# Sampling Parameters/Generation Settings (ELI5)

I'm about to oversimplify the fuck out of sampling methods and parameters, skipping over crucial math, probability distributions, and the complex ways these settings interact. This is intentional. This guide is written for beginners to grasp these concepts without getting overwhelmed by technical details. If you need the proper technical depth, or just want to see what kind of research I did before writing this, [check out my citations](/sopakcosauce-docs/other/citations.md).

<details>

<summary><a href="https://featherless.ai/docs/completions#v-1-completions">Featherless Supported Samplers</a></summary>

Sampling parameters supported by Featherless will be <mark style="color:orange;">highlighted in orange</mark> but here's a quick reference.
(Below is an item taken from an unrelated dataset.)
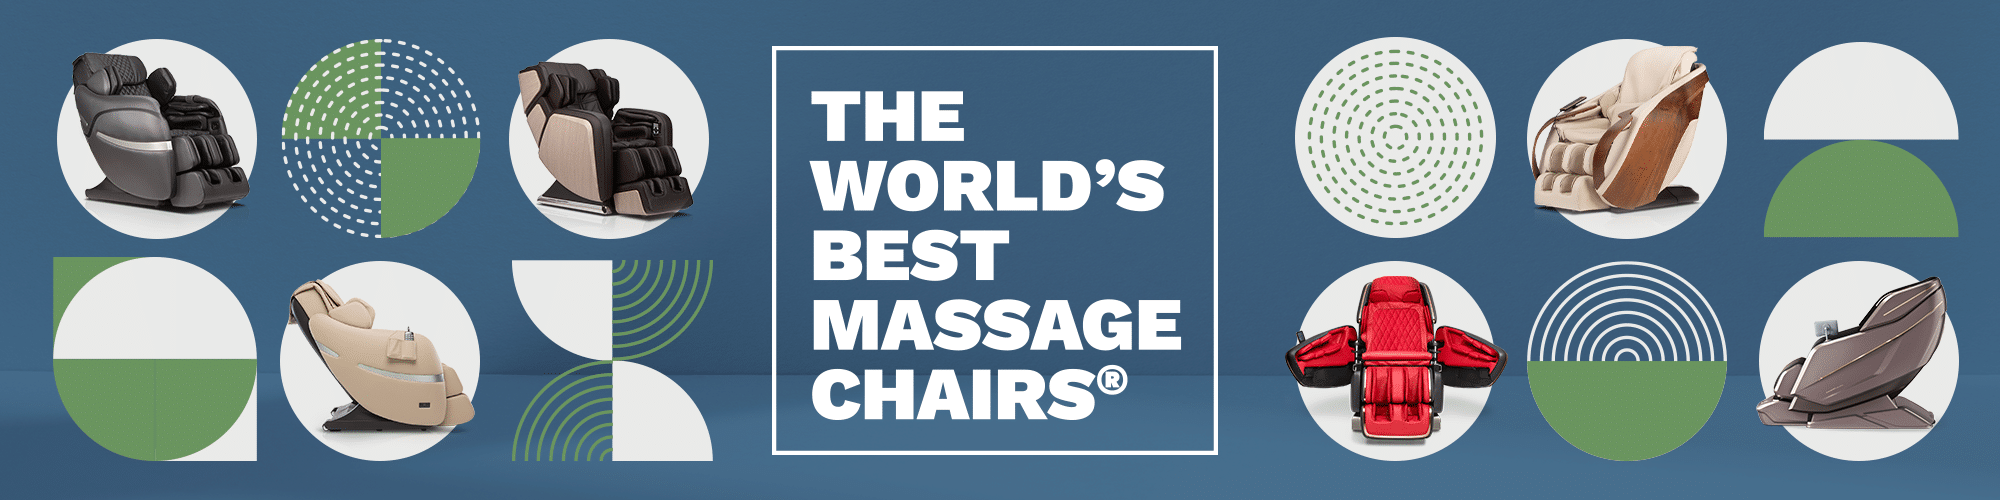 the worlds best massage chairs at furniture for life

| Paramter                     | Type            |
| ---------------------------- | --------------- |
| `model`                      | string          |
| `prompt`                     | string \| array |
| `presence_penalty`           | float           |
| `frequency_penalty`          | float           |
| `repetition_penalty`         | float           |
| `temperature`                | float           |
| `top_p`                      | float           |
| `top_k`                      | integer         |
| `min_p`                      | float           |
| `seed`                       | integer         |
| `stop`                       | array           |
| `stop_token_ids`             | array           |
| `include_stop_str_in_output` | boolean         |
| `max_tokens`                 | integer         |
| `min_tokens`                 | integer         |

</details>

## Basic Controls

These settings are the safest starting point for finetuning the responses you get from your favorite LLM!
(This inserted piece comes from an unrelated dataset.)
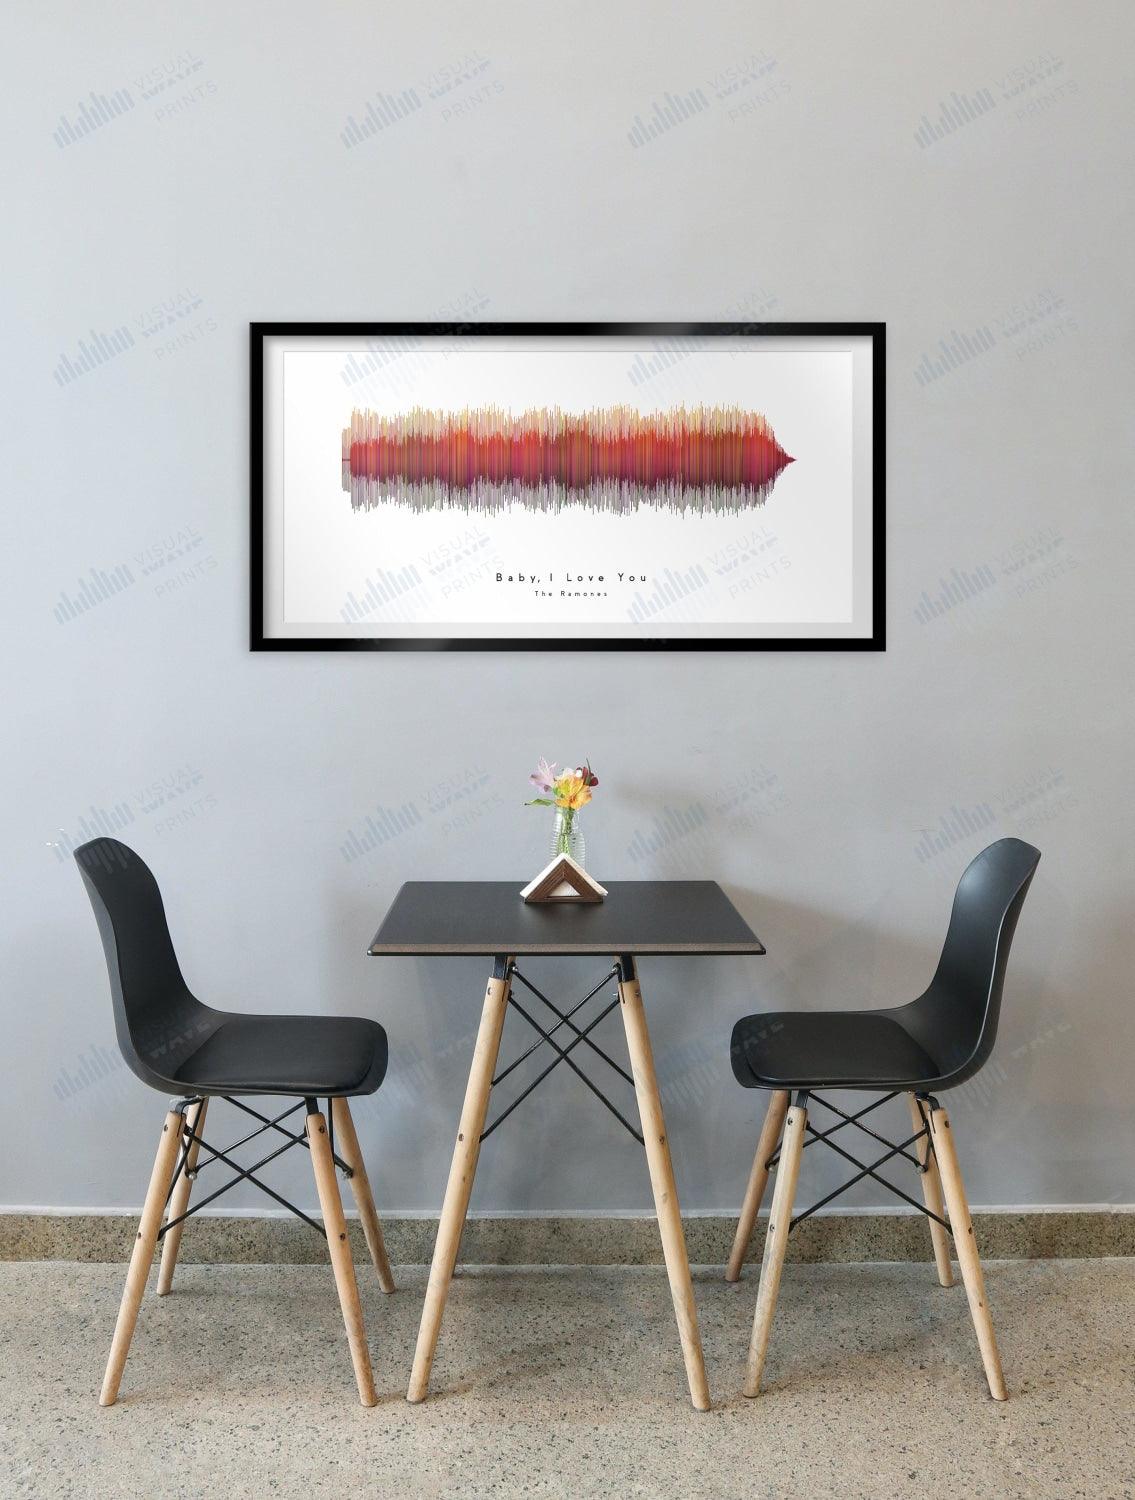 Baby, I Love You by The Ramones - Visual Wave Prints

### <mark style="color:orange;">Temperature</mark>

Think of it like a knob that controls how wild your output can get

**Range**: 0.&#x30;**–**&#x32;.0 (and sometimes higher)

* **Zero:** Completely predictable/greedy sampling
* **Low (e.g., 0.1-1.0):** Normal, sensible stories
* **High (e.g., 1.0-2.0):** Wild, creative stories

### <mark style="color:orange;">Min Tokens</mark>

How short do you want your output to be?

* Shorter responses might be cut short in the middle, which could interrupt your chat
* Suggested values:
  * *CharacterAI style:* Start at `50` and adjust up or down according to your preference!
  * *Novel style:* Start at `250` and adjust up or down to your preference!

### <mark style="color:orange;">Max Tokens</mark>

How long do you want your output to be?

* Longer responses take more time to generate
* Suggested values:
  * *CharacterAI style:* Start at `100` and adjust up or down according to your preference!
  * *Novel style:* Start at `1000` and adjust up or down to your preference!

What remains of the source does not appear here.